6. Post-Effectiveness Covenant. With respect to each Mortgaged Property, and not later than 60 days after the Increased Amount Date (or such later date as to which the Administrative Agent may agree), the Loan Parties shall use commercially reasonable efforts to: (i) enter into amendments with respect to the existing Mortgages encumbering the Mortgaged Properties, (ii) obtain title datedown endorsements to the existing title policies for the Mortgaged Properties, as customary in the applicable jurisdiction, (iii) deliver customary opinions of counsel with respect to the amendments to the existing Mortgages, in each case in form and substance reasonably acceptable to the Administrative Agent and (iv) provide such other documentation with respect to the Mortgaged Property as Administrative Agent shall reasonably request, as required in connection with the foregoing obligations in this Section III.6.
7. Affirmation of Subsidiary Guarantors. Each Subsidiary Guarantor hereby consents to the amendments to the Credit Agreement effected hereby, and hereby confirms and agrees that, notwithstanding the effectiveness of this Agreement, the obligations of such Subsidiary Guarantor contained in the Guarantee and Collateral Agreement or in any other Loan Documents to which it is a party are, and shall remain, in full force and effect and are hereby ratified and confirmed in all respects, except that, on and after the effectiveness of this Agreement, each reference in the Guarantee and Collateral Agreement and in each of the other Loan Documents to “the Credit Agreement”, “thereunder”, “thereof” or words of like import shall mean and be a reference to the Credit Agreement, as amended by this Agreement. Without limiting the generality of the foregoing, the Security Documents to which such Subsidiary Guarantor is a party and all of the Collateral described therein do, and shall continue to secure, payment of all of the Obligations (in each case, as defined therein).

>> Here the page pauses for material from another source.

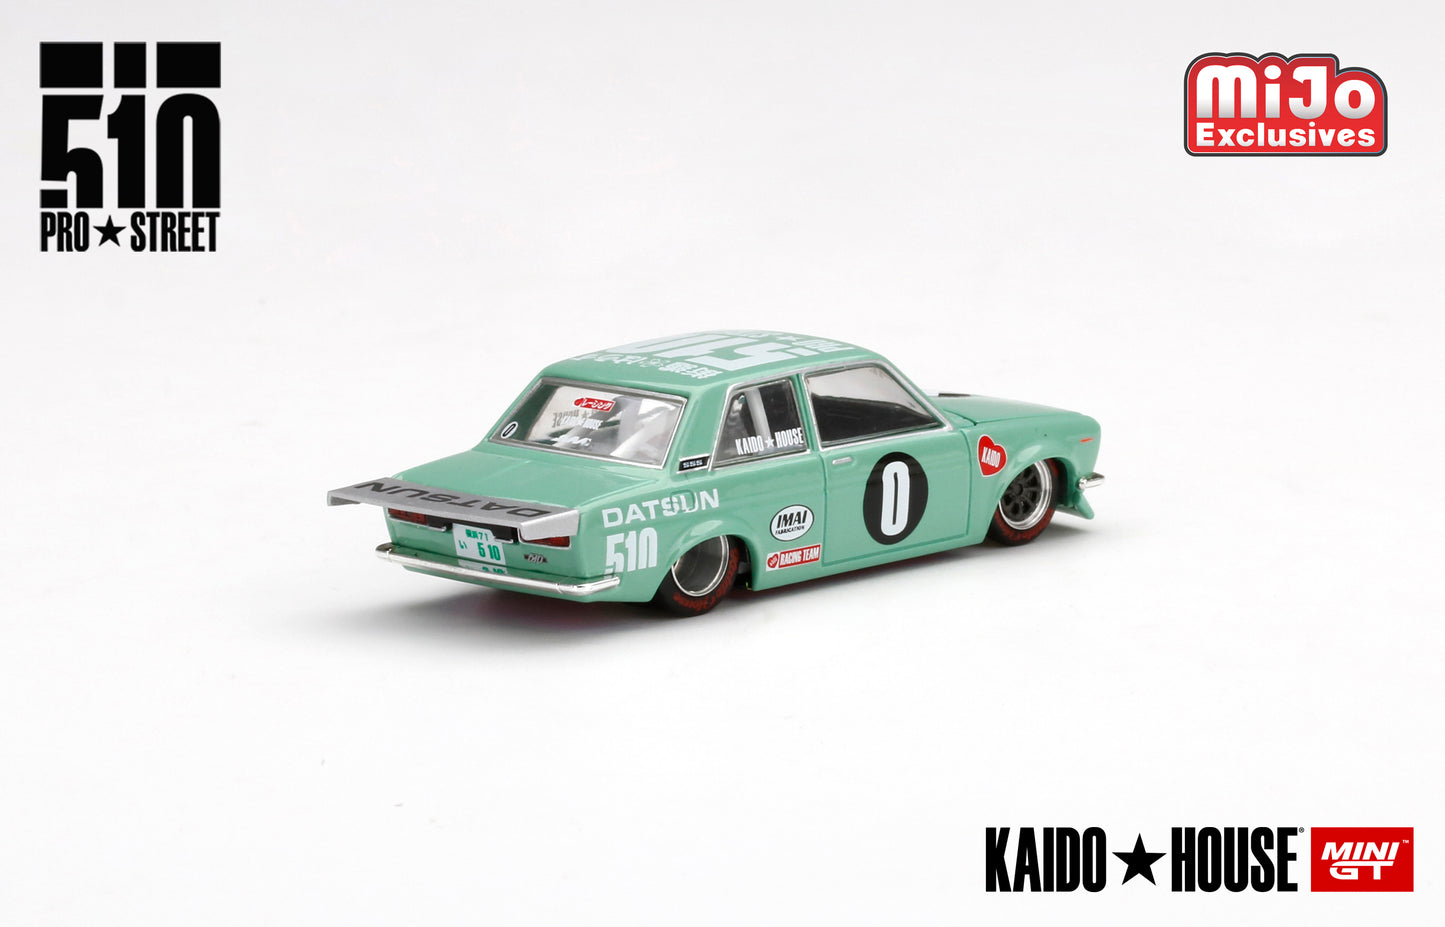 Mini GT Kaido House 008 Datsun 510 Pro Street KDO510 1:64

8. Adjustment of Revolving Loans. To the extent there are Revolving Loans outstanding on the Increased Amount Date, then each New Lender that is acquiring a New Loan Commitment on the Increased Amount Date shall make a Revolving Loan, which shall be subject to the same conditions as a Borrowing by the Company under the Credit Agreement, the proceeds of which will be used to prepay the Revolving Loans of the other Revolving Lenders, such prepayment being subject to Section 2.21 of the Credit Agreement, immediately prior to such Increased Amount Date, so that, after giving effect thereto, the Revolving Loans outstanding are held by the Revolving Lenders pro rata based on their Revolving Commitments after giving effect to such Increased Amount Date.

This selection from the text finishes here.